Alentejo

Do imenso mar da costa de Portugal, os promontórios altivos elevam-se até à planície cravejada de verde dos montados entrecortados pelos tons dourados da terra. Estamos para além do Tejo, região com mais de 26 mil quilómetros quadrados, dividida entre Alto e Baixo Alentejo e que tem o maior rio que atravessa o país como fronteira, a Norte, e o Algarve, ainda mais a Sul. Além do Tejo, é de nomear a importância do Sado, na Península de Setúbal, e do Guadiana, que vagueia na parte Este do distrito de Beja, entra quase no limite do distrito de Évora e delimita a fronteira com a vizinha Espanha.

A paisagem levemente ondulada surge por esse Alentejo afora, de relevos no interior raiano do distrito de Évora e mais acentuado no distrito de Portalegre, com afloramentos graníticos a complementarem o traço descrito pela natureza. O cenário natural converte-se ora no património edificado, repleto de casarios alvos, de outrora, da nossa História, ora no itinerário que nos leva ao enorme lago do Alentejo, Alqueva de seu nome, situado na fronteira entre os distritos de Évora, a Norte, e Beja, a Sul, reservatório de um dos mais elementares recursos dos habitantes da região, a água.  

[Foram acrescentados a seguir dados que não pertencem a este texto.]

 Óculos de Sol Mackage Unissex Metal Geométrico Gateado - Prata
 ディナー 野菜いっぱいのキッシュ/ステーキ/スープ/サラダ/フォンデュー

Dos habitantes da região contam-se os gestos lestos repetidos por gerações infinitas. Mexe-se na terra, na nossa terra, fonte de alimento do ser humano, base da flora que nos dá alimento e sombra. Nas mãos leva-se a sabedoria para bem tratar os animais, fonte de sustento. Mexe-se na matéria que dá corpo ao que comemos. De um Alentejo agarrado às suas raízes, objecto de um valioso legado gastronómico aliado à tradição preservado por pessoas. 

Alentejo adentro, eis Dona Octávia, rosto da Salsicharia Canense, em Sousel, é a guardiã dos afazeres de antigamente no que diz respeito à feitura de enchidos, entre outros produtos, cem por cento portugueses. Os mesmos costumes estão alinhados com a prática diária da SEL – Salsicharia Estremocense, em Estremoz, negócio familiar representado por Mário Arvana e cuja matéria-prima tem no porco alentejano a origem dos seus produtos. É disso exemplo o trabalho que tem vindo a ser feito por Francisco Alves, responsável pela Porcus Natura, sediada na Herdade de S. Luís, em Montemor-o-Novo, empresa centrada na criação de porco alentejano em pleno montado, cenário principal do Alentejo.

Patos, galinhas, fracas, perus, faisões, cabras, coelhos, porcos, éguas integram o elenco da BioAlentejanices, em Sousel, de João Honório e Ruth Mendes, produtores de hortícolas, fruta e ervas aromáticas cultivados em comunhão com terra e em profundo respeito pelo ciclo de cada alimento. 

Nuno Serra vai mais longe. Na Herdade do Val das Dúvidas, propriedade situada entre Portel e a Vidigueira, o calendário biodinâmico é prática transversal. As cerca de duas centenas de árvores de fruto, o olival, o montado, e a criação de gado bovino estão em absoluto respeito pela natureza. O alinhamento com o mundo exterior ao Homem permanece em ato contínuo na Quinta Anema, em Courela da Ponte-Velha, no concelho de Montemor-o-Novo, onde Jan e Elisabeth Anema produzem queijo Gouda a partir do leite extraído das suas vacas alimentadas sem pressas. O mesmo vagar é intrínseco à apicultura praticada por Francisco Cortes, rosto da Apicortes, negócio familiar com seis décadas dedicadas à produção de mel e cera de abelha, no concelho de Odemira, sendo o trabalho de campo uma constante. A realidade é extensível à Herdade do Freixo do Meio, em Foros de Vale Figueira, Montemor-o-Novo, onde a agrofloresta de Alfredo Sendim se baseia na regeneração das espécies, no sentido de implementar árvores mais resistentes, e simultaneamente na sucessão económica aliada à colheita de matéria-prima, de produto, para o ser humano. E eis que o montado entra novamente em cena, além de outras áreas reservadas, também, aos animais, que necessitam de comida e, ao mesmo tempo,  fertilizam a terra, a mesma terra que nos dá alimento.